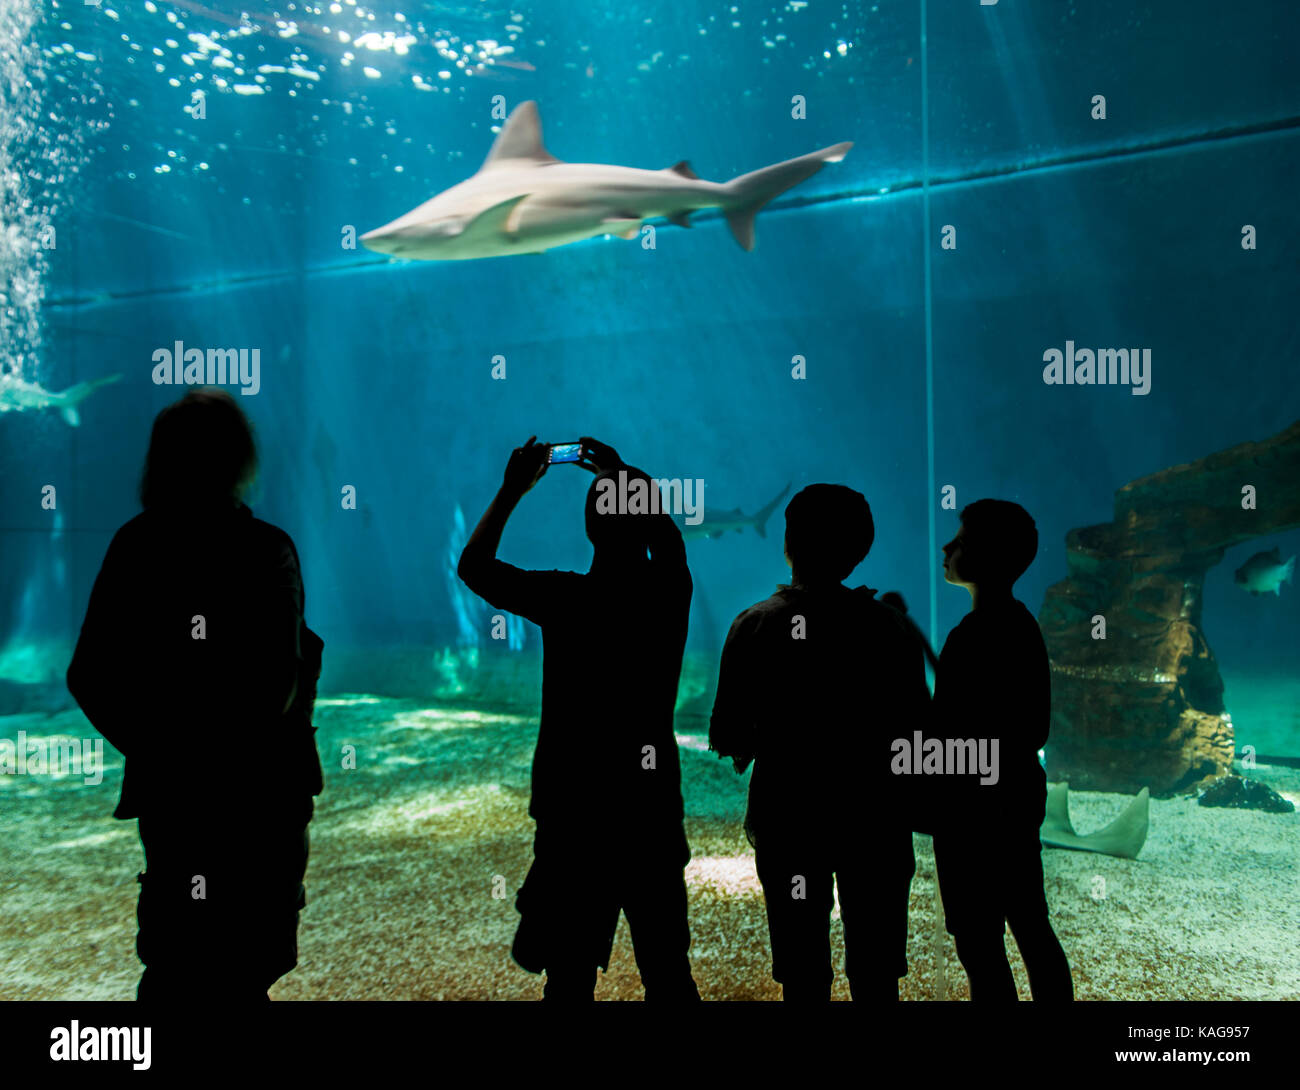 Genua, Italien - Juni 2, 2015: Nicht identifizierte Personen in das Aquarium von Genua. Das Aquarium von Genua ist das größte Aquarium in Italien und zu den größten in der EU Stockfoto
--
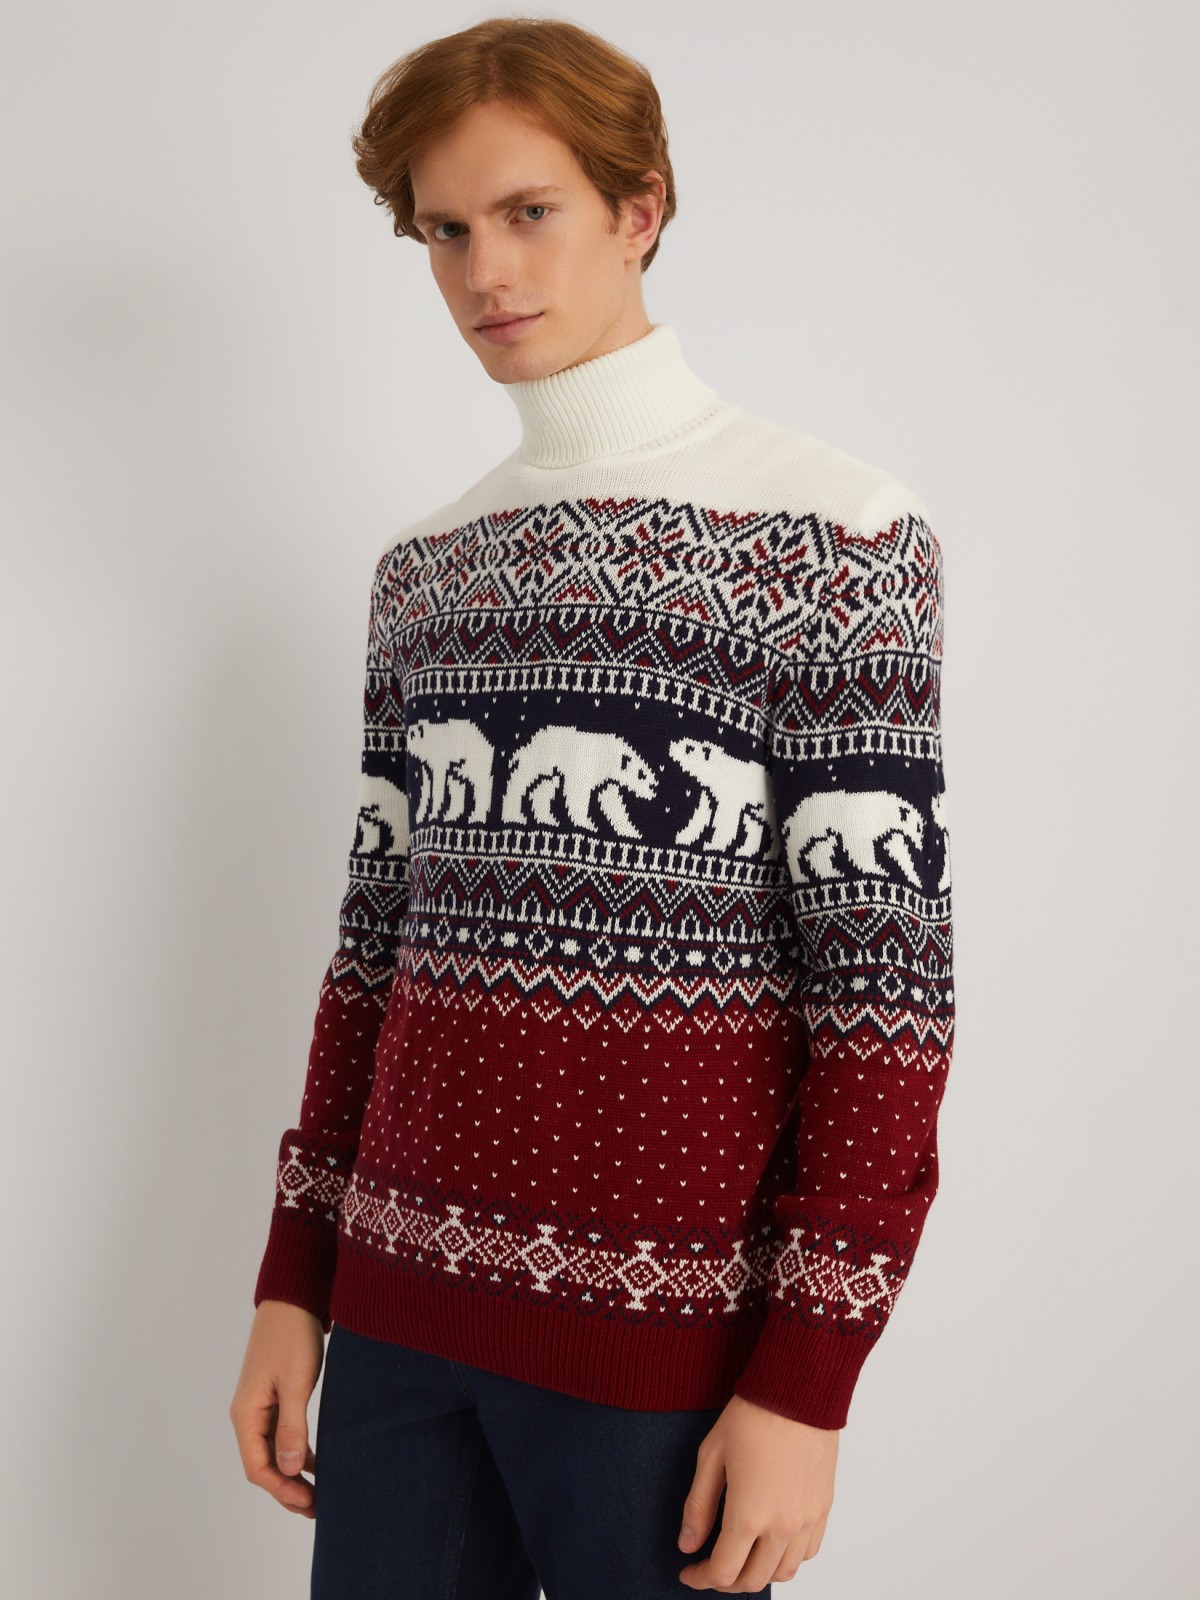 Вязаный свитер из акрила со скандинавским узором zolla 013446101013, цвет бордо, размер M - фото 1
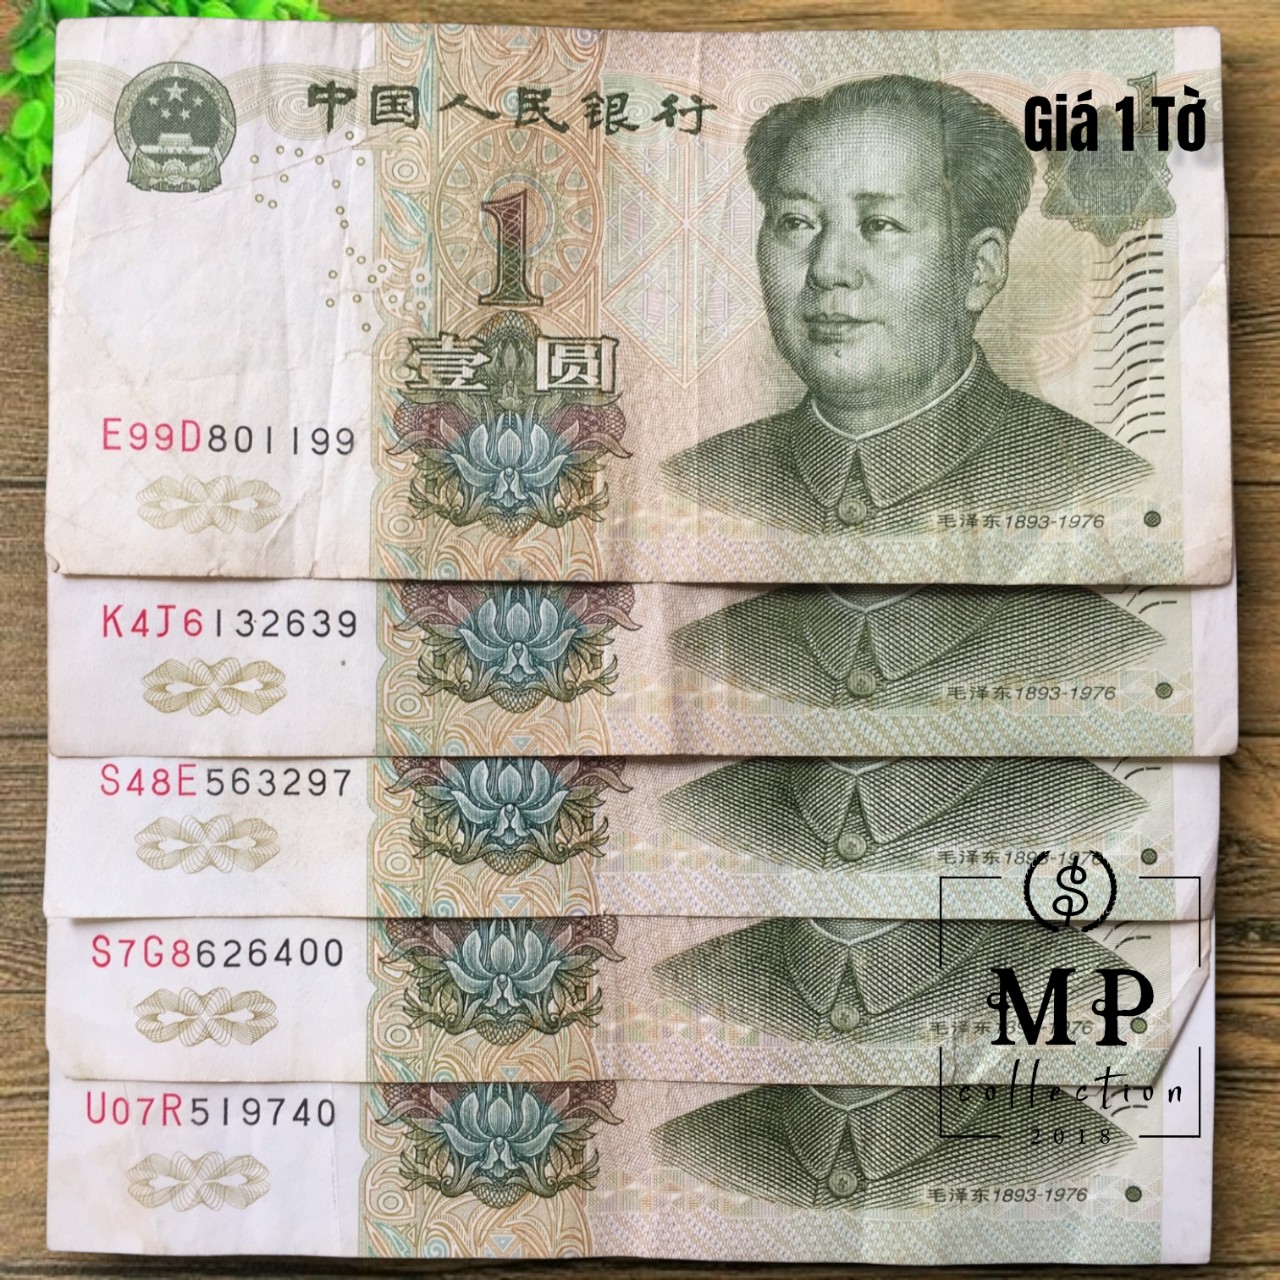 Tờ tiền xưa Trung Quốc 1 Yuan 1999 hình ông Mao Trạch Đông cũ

■ Exercise brief ■
In the listing above, find the line containing "Вязаный свитер из". Output it and every line after it up to and including the line containing "Tờ tiền xưa", exactly, but skip the pictures.

■ Response area ■
 Вязаный свитер из акрила со скандинавским узором zolla 013446101013, цвет бордо, размер M - фото 1
 Tờ tiền xưa Trung Quốc 1 Yuan 1999 hình ông Mao Trạch Đông cũ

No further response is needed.